The purpose of this qualitative study was to understand and describe the experiences of RNs who were deployed out of their clinical specialty role during the COVID-19 pandemic to care for COVID-positive patients. Deployed is defined as being assigned to a new unit/department and/or a new/different patient population. This deployment resulted in a role change for nurses who may have been unprepared for the new assignment. Additionally, some of the deployed staff members not only experienced a role change, but also moved to a new physical location/unit to care for this new patient population. The results of this study can help guide future education, services, and support when deployments and role changes are unexpected and unplanned.

Literature review

Research has been conducted describing nurses' responses to their roles and practices during a crisis or pandemic situation.2-5 Von Strauss and colleagues studied the experience of nurses deployed to Africa during the Ebola virus disease outbreak. The results provided knowledge on how to better prepare nurses for future outbreaks, including mental health support afterward.6 Additionally, the concept of floating to another unit isn't foreign to nurses. These types of short-term deployments are usually for one shift. Matlakala studied the views of ICU nurses deployed for one shift to cover the nursing shortage on a general care unit, finding the need for formal policies and procedures regarding floating.7 Hellman and Hurley discussed the deployment of nursing students during a disaster in roles for nonpatient-related tasks, as well as caring for noncritical patients under supervision.8 Whereas VanDevanter and colleagues reviewed the impact of nurses deployed to a completely different hospital in the wake of a natural disaster that resulted in their own hospital's closure, finding the practice challenges they encountered due to the new and unknown environment.9

A study by Chenevert and colleagues discussed role change readiness within organizations and the impact on role stressors, including role ambiguity, conflict, and overload.10 There's an additional challenge in healthcare regarding change readiness due to the high level of stress.11 Murray studied the experience of practice-based career changes in nurses who transitioned from hospital-based to home care nursing using role theory as the framework.12 In contrast, these role changes were during a purposeful and planned timeline rather than the immediate need during a crisis/pandemic situation.

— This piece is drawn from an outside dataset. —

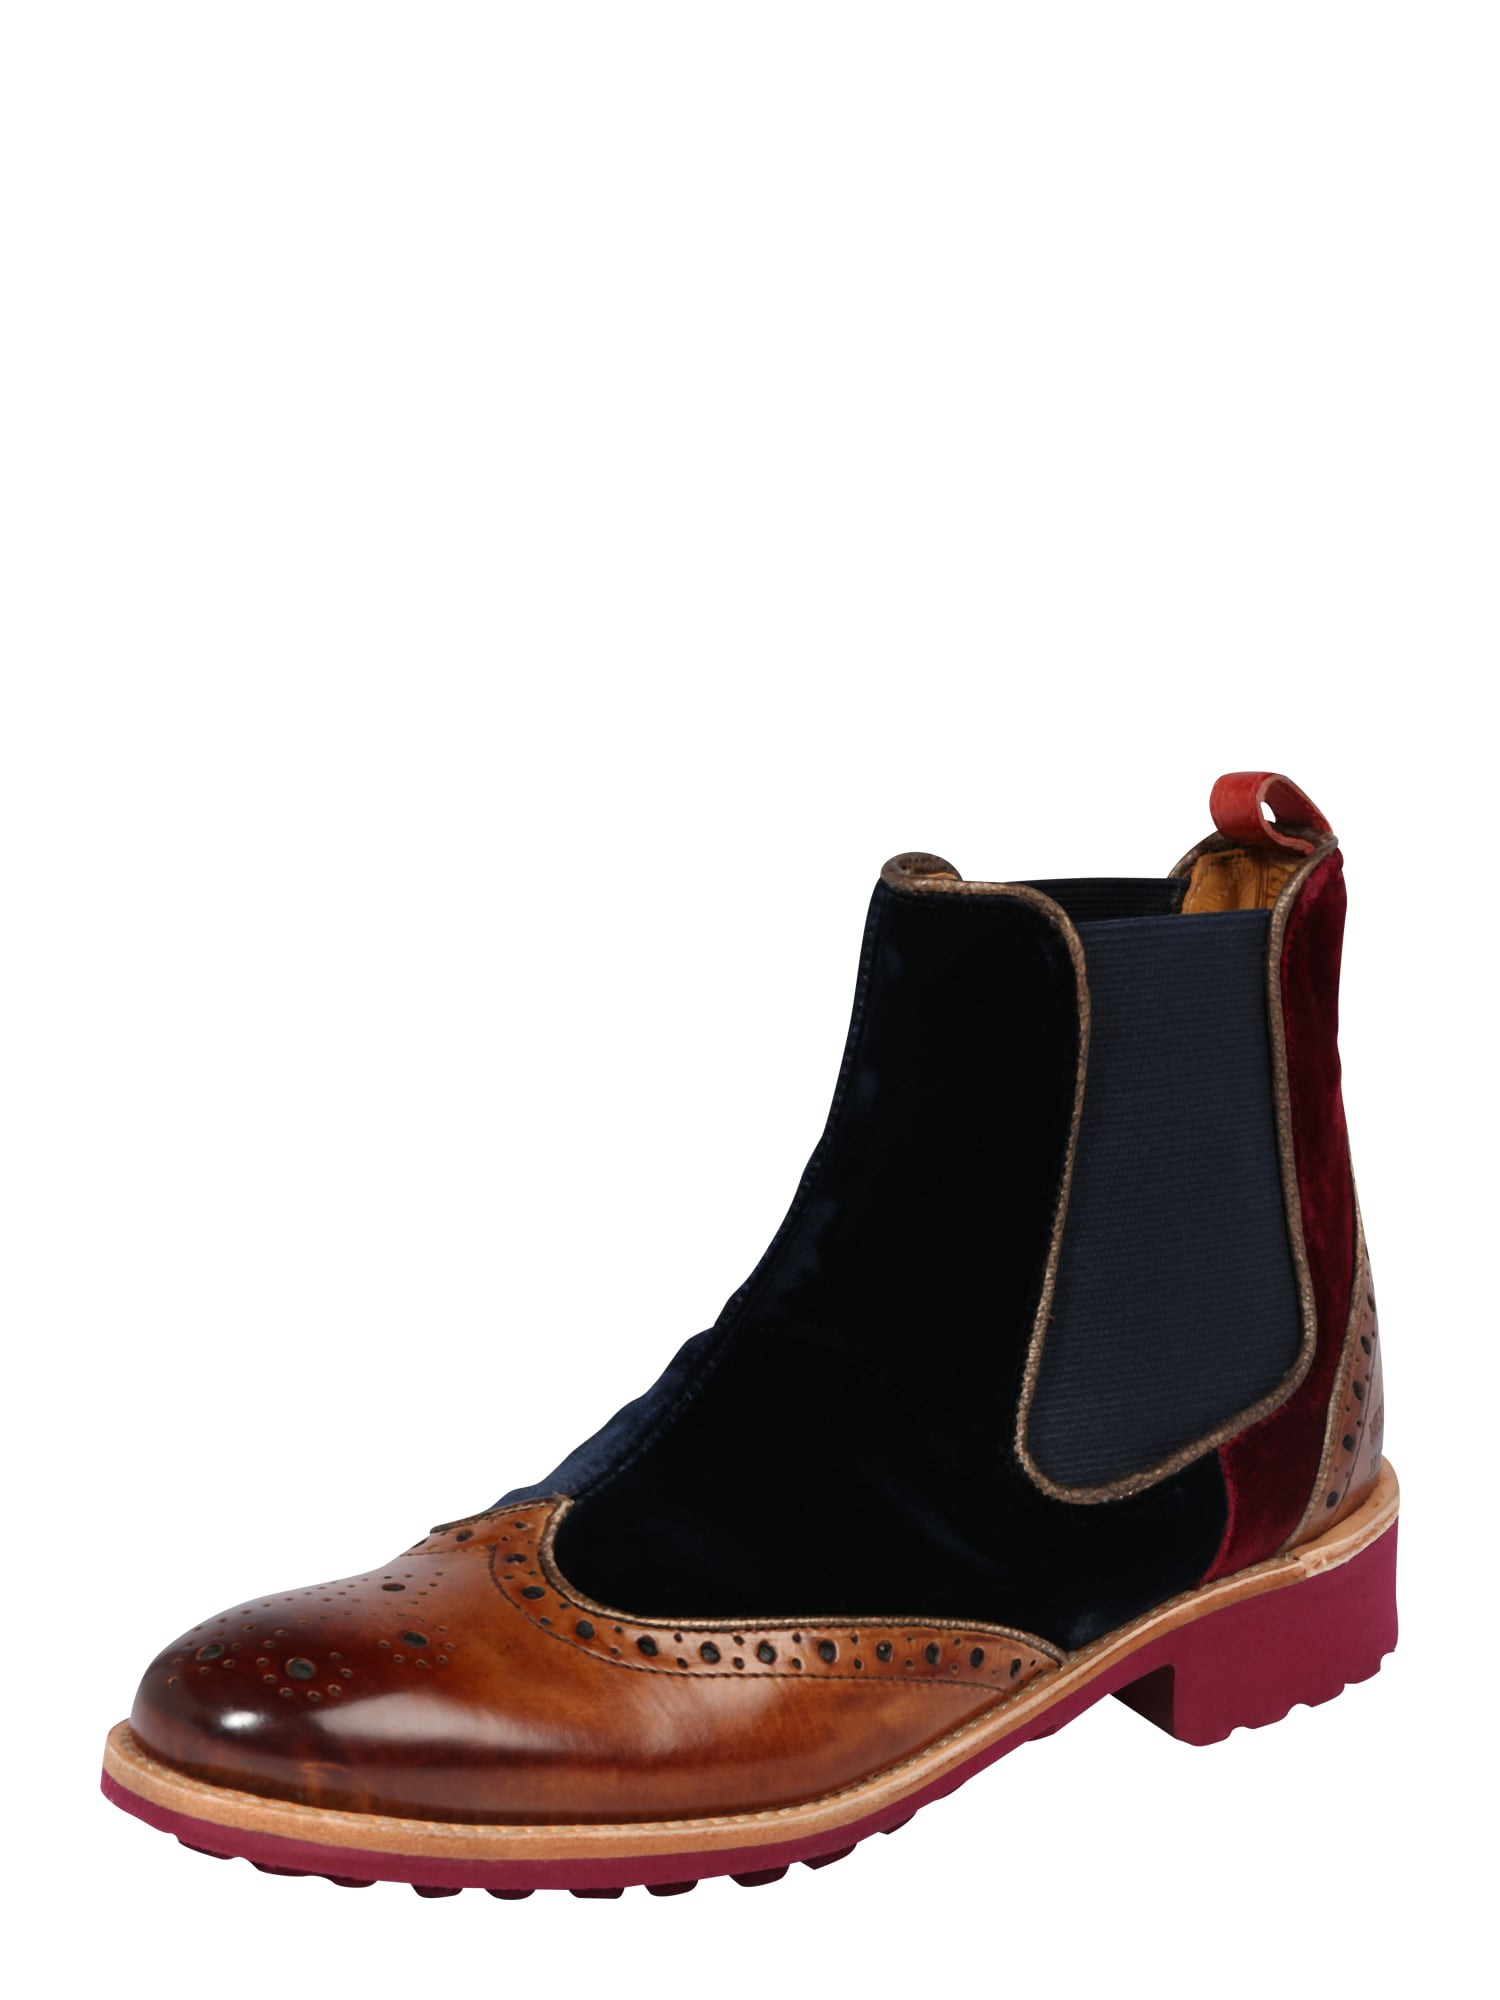 Chelsea boty Amelie 43 hnědá černá MELVIN & HAMILTON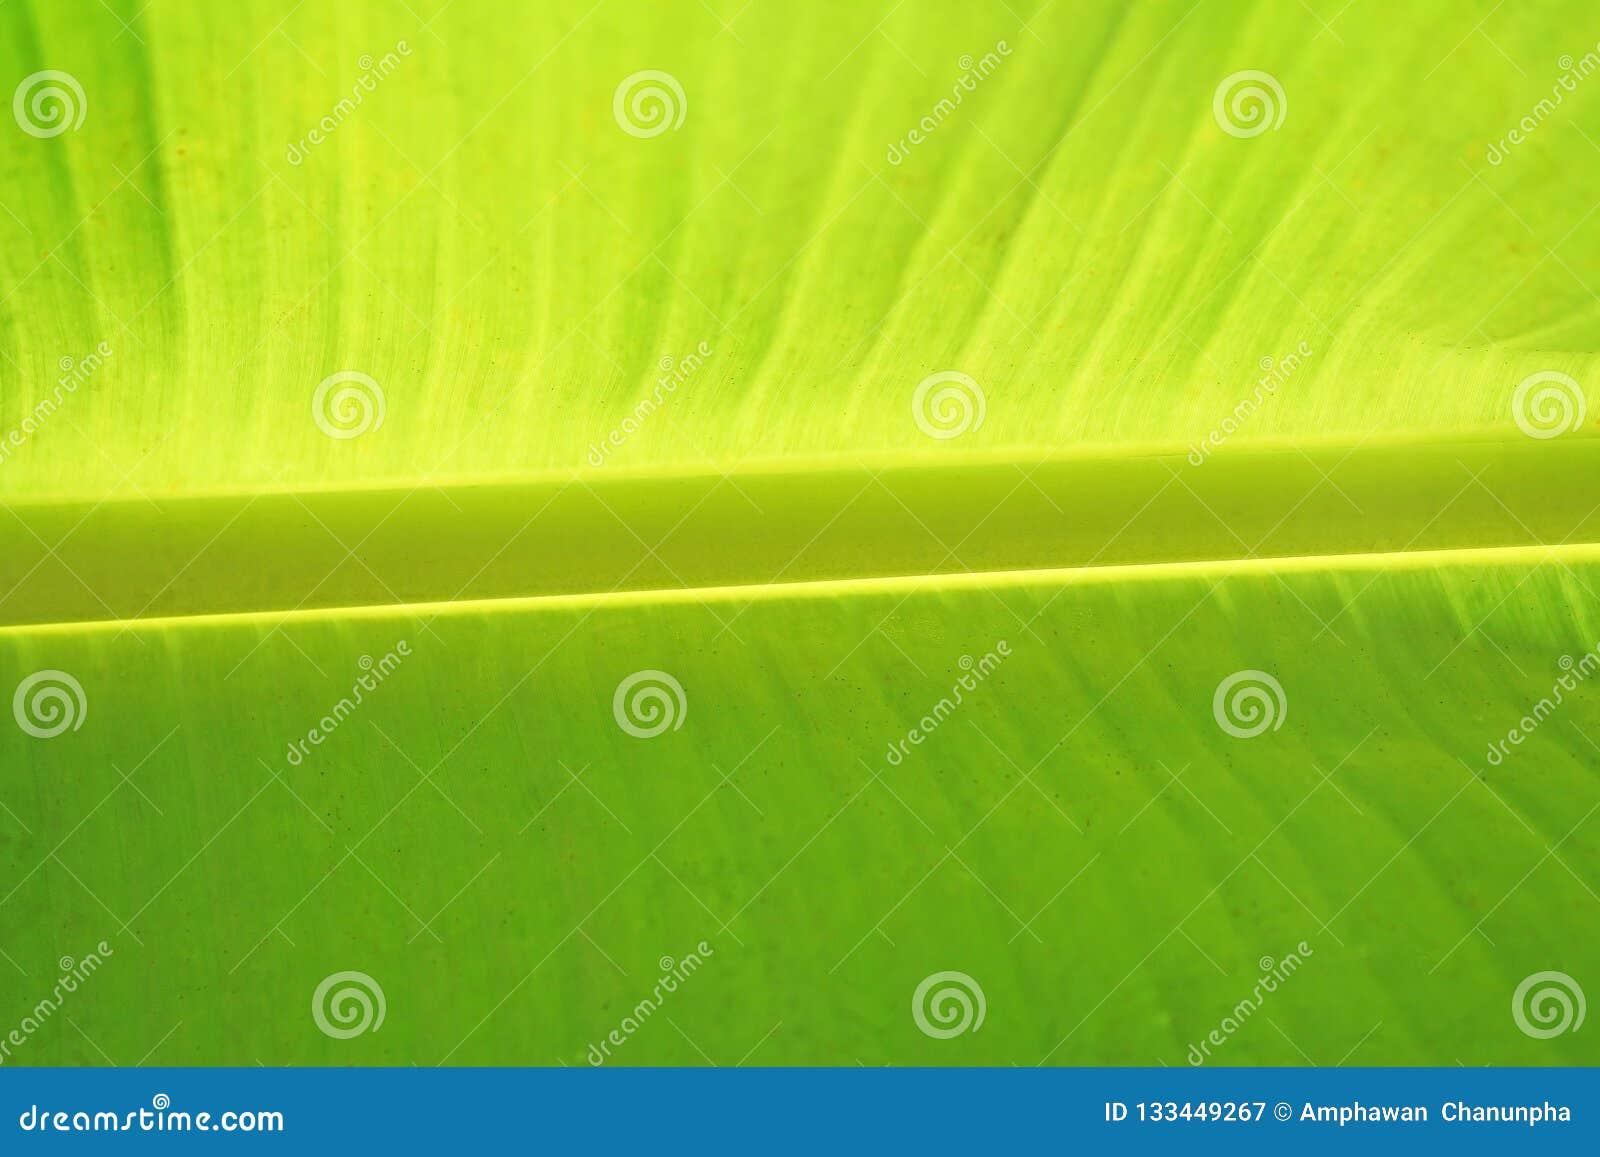 Предпосылка разрешения банана

There's a lack of research describing when nurses' roles change because of a crisis or pandemic, specifically when a nurse is deployed from their clinical specialty to care for a different patient population for greater than one shift. As documented by VanDevanter and colleagues, awareness of the concerns and competing demands that nurses experience in a disaster and its following aftermath can guide education and services to allow nurses to perform their clinical duties while minimizing risk to self and patients.9 Additionally, in a qualitative study by Cranley and colleagues, it was found that “nurse responses to uncertainty include physiological and affective responses, strategies to manage uncertainty, and the outcomes of managing uncertainty.”13


This qualitative study took place at a nonprofit, 371-bed, Level III trauma center located in the town of Huntington on Long Island in New York. The hospital is a four-time Magnet® redesignated facility. To care for the surge of COVID-19 patients, nurses were deployed from their clinical specialty role to become medical-surgical and critical care nurses during the pandemic. Although some nurses stayed on their home unit with only the patient population change, others were caring for the new patient population on a different unit due to their home unit being closed. Eighty-eight percent of respondents stated that they were deployed to a new unit.

Purposive sampling was done. The inclusion criteria for the study included nurses who were full-time and part-time employees working in the cardiac catheterization lab, interventional radiology, postanesthesia care unit, electrophysiology lab, obstetrics department, endoscopy department, ambulatory surgery unit, and OR who were deployed for greater than 1 week.

The study used a narrative open-ended question survey to collect data. (See Table 1.) Content analysis was used to analyze the responses and provide themes to describe the experiences of nurses as they practiced in both an area and time of uncertainty via the following six steps: all surveys were transcribed verbatim by the study team members, all transcribed surveys were checked for completeness, phrases were coded that focused on the aim of the question, categories were then formulated with like phrases, the categories were reduced and collapsed to overall conceptual themes, and emerging themes were identified.14 The data were analyzed by the three-person study team, which consisted of the principle investigator and two coinvestigators, to increase objectivity and reduce bias.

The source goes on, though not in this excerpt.